[Your assignment]: Your answer must restate the listing below word for word and contain no images.

[Material provided]:

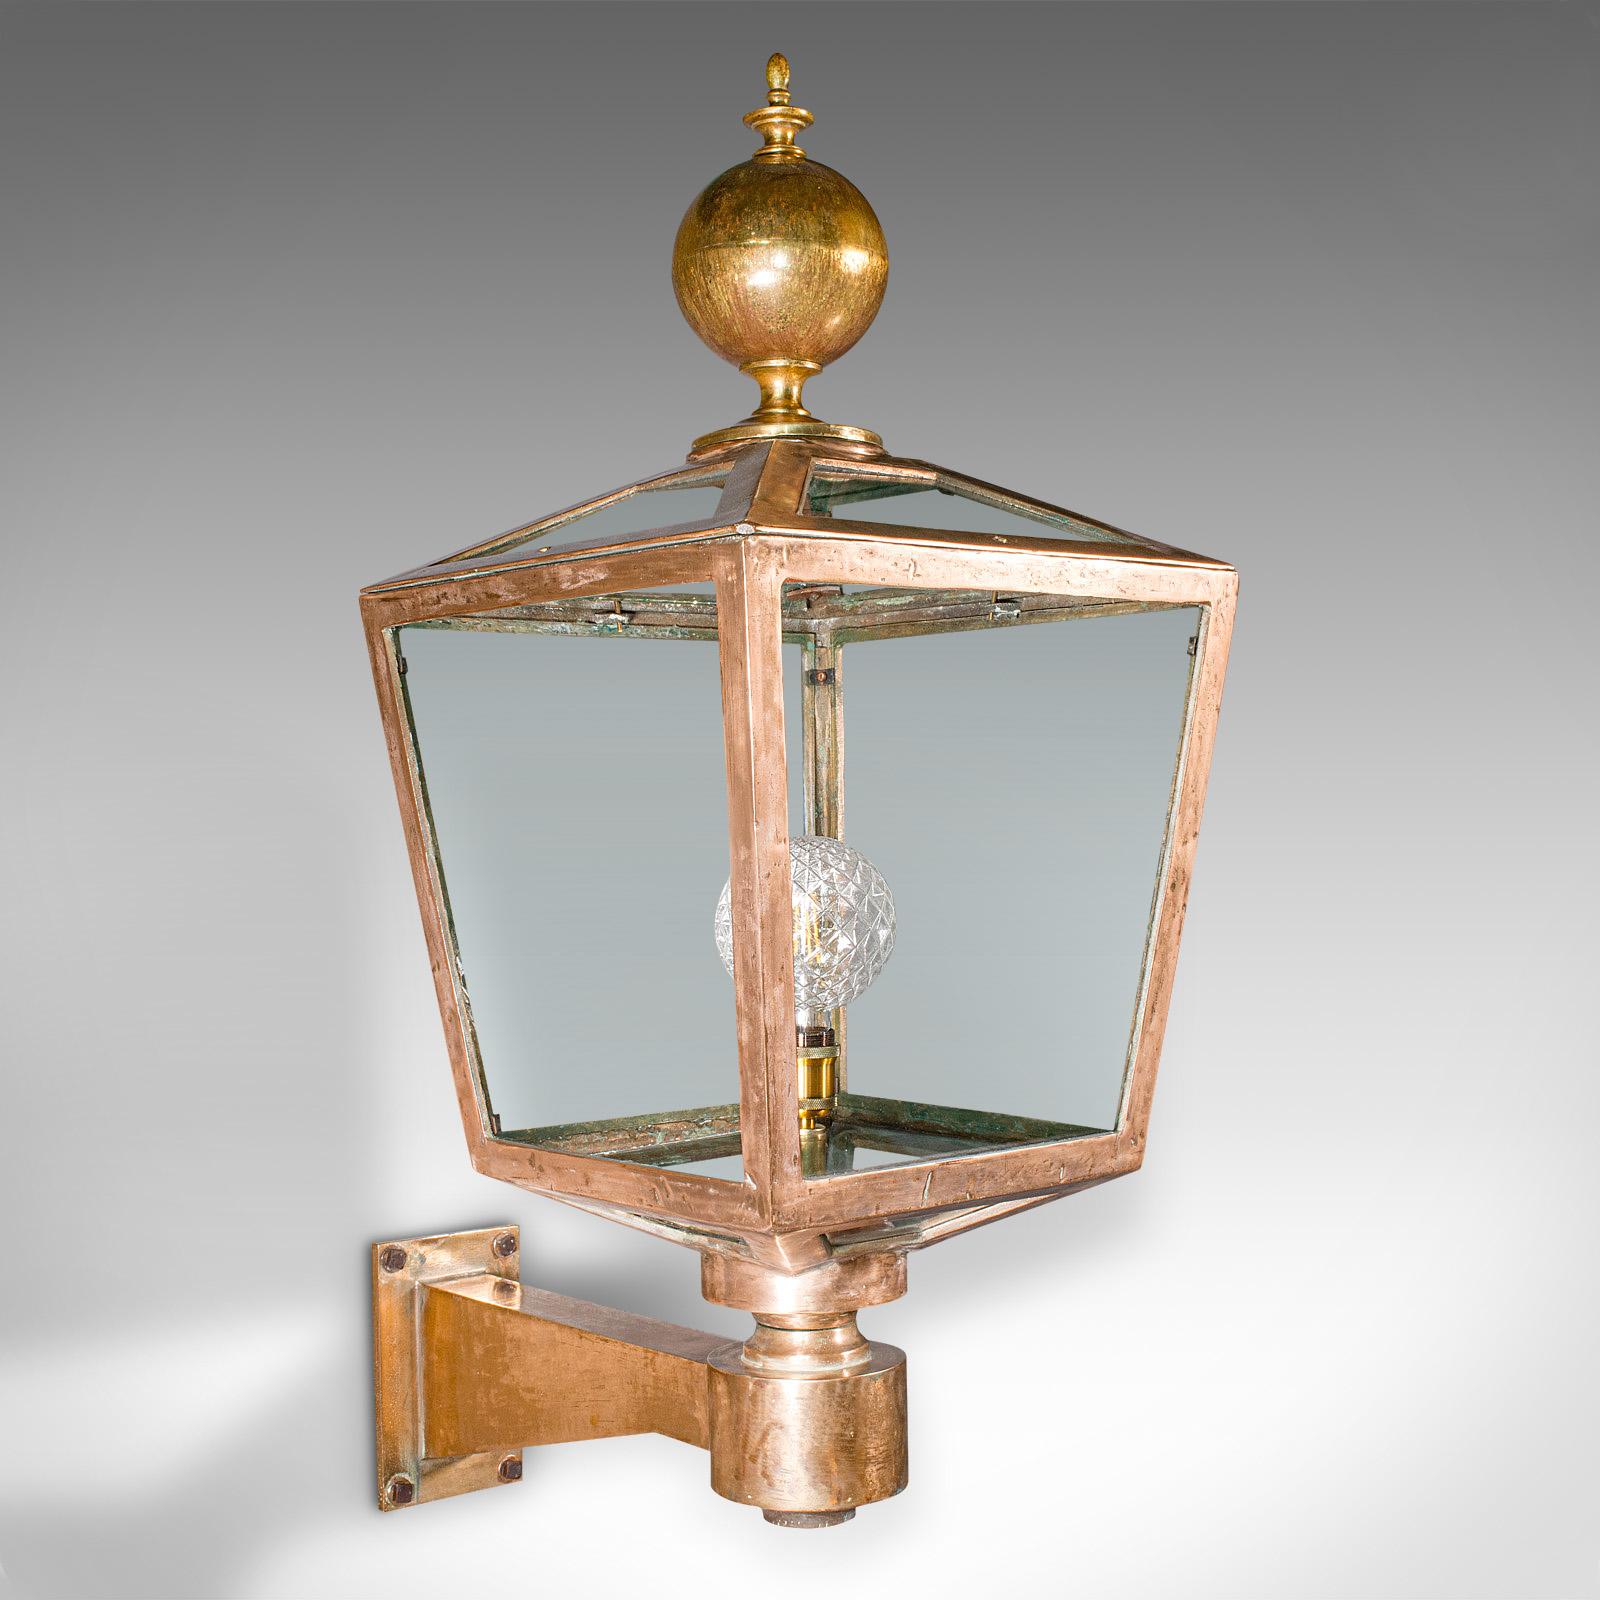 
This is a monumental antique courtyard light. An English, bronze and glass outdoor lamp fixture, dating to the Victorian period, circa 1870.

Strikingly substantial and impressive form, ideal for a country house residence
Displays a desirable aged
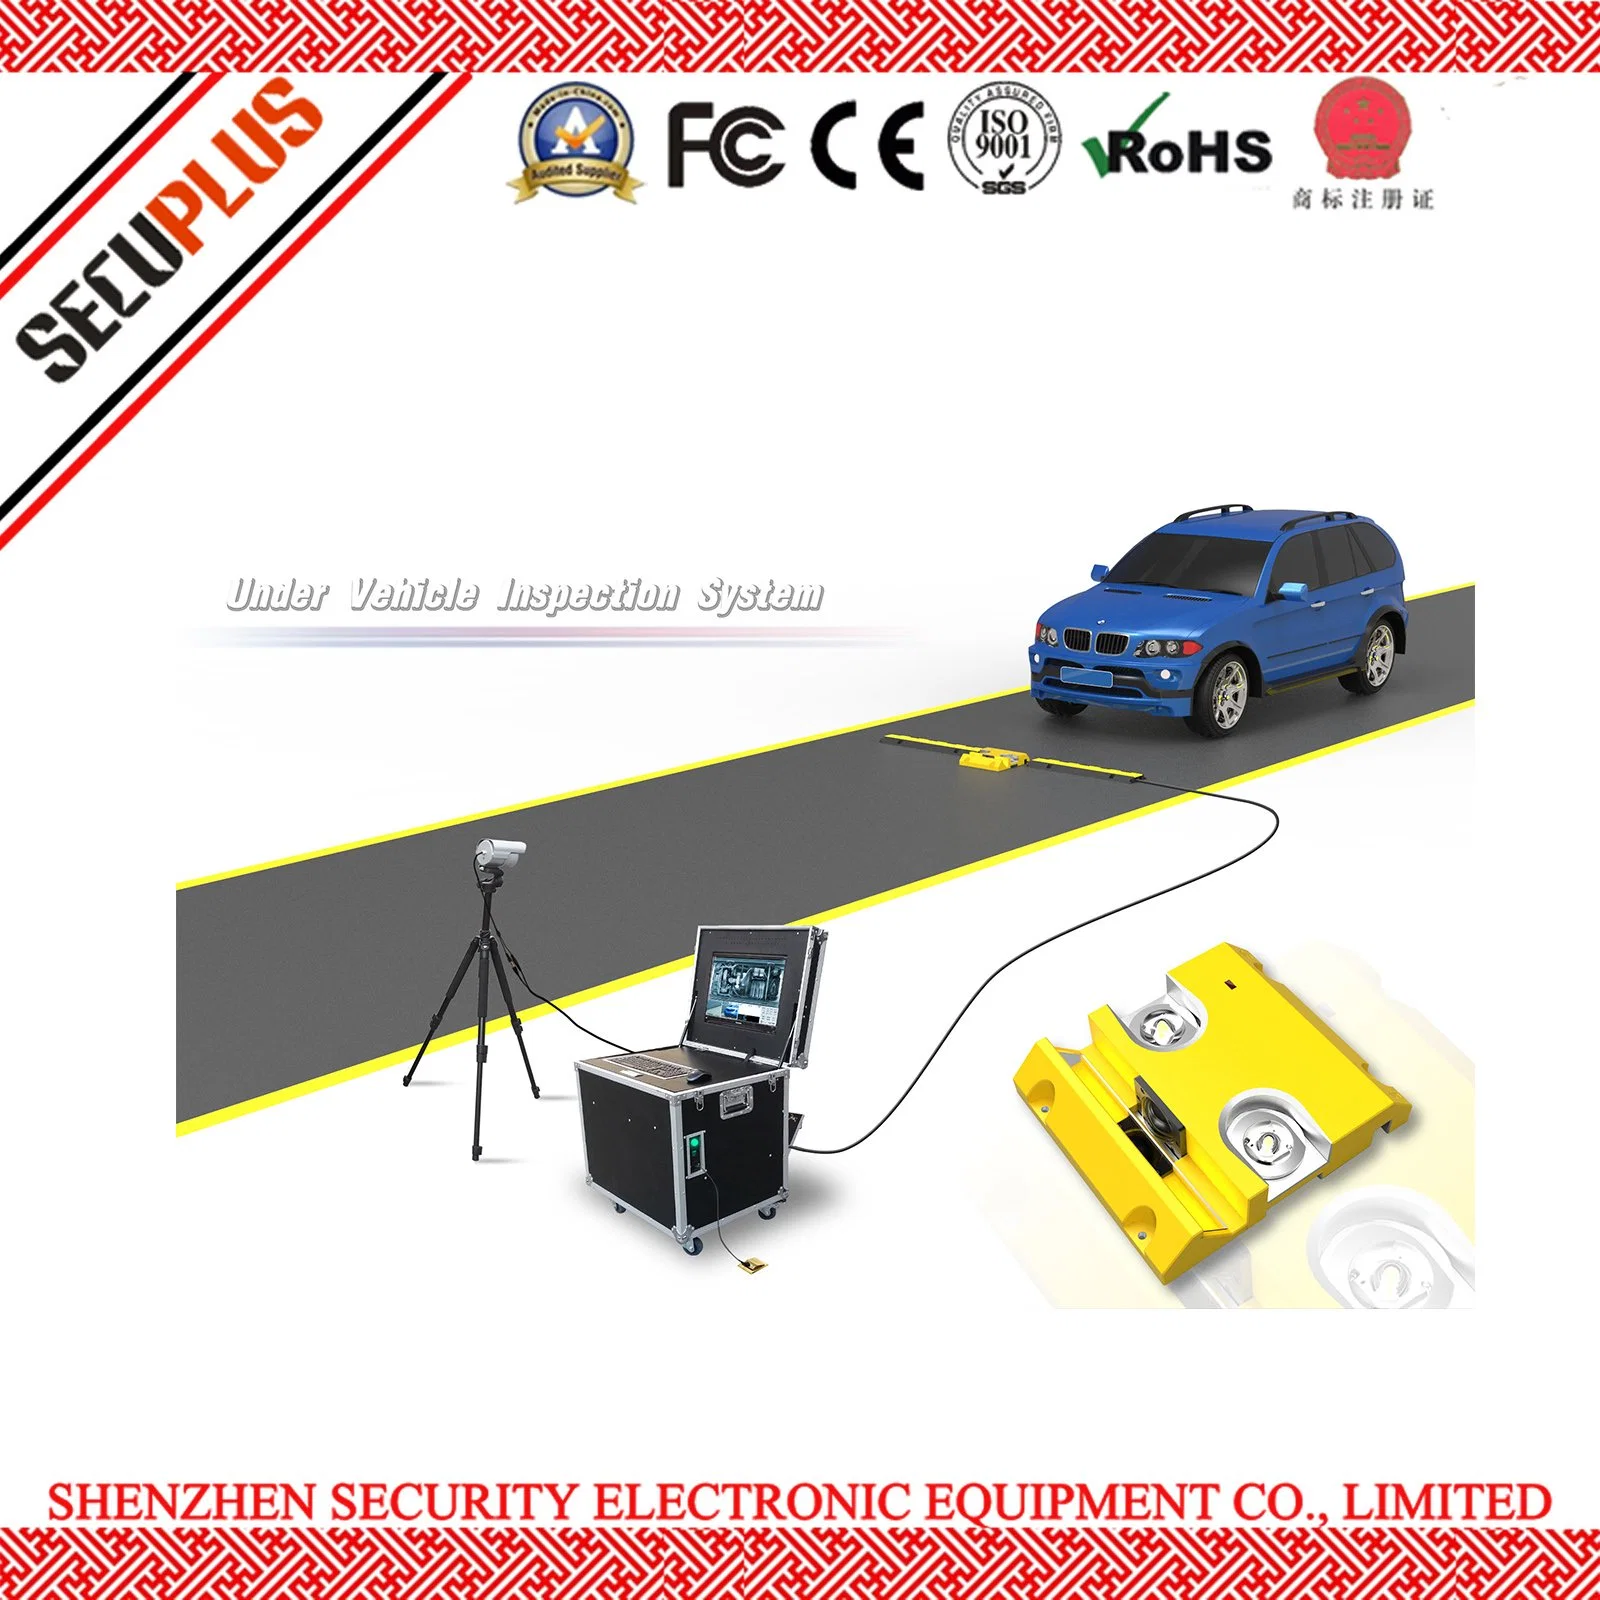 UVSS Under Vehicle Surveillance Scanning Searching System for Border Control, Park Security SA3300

[Response]:
This is a monumental antique courtyard light. An English, bronze and glass outdoor lamp fixture, dating to the Victorian period, circa 1870.

Strikingly substantial and impressive form, ideal for a country house residence
Displays a desirable aged
 UVSS Under Vehicle Surveillance Scanning Searching System for Border Control, Park Security SA3300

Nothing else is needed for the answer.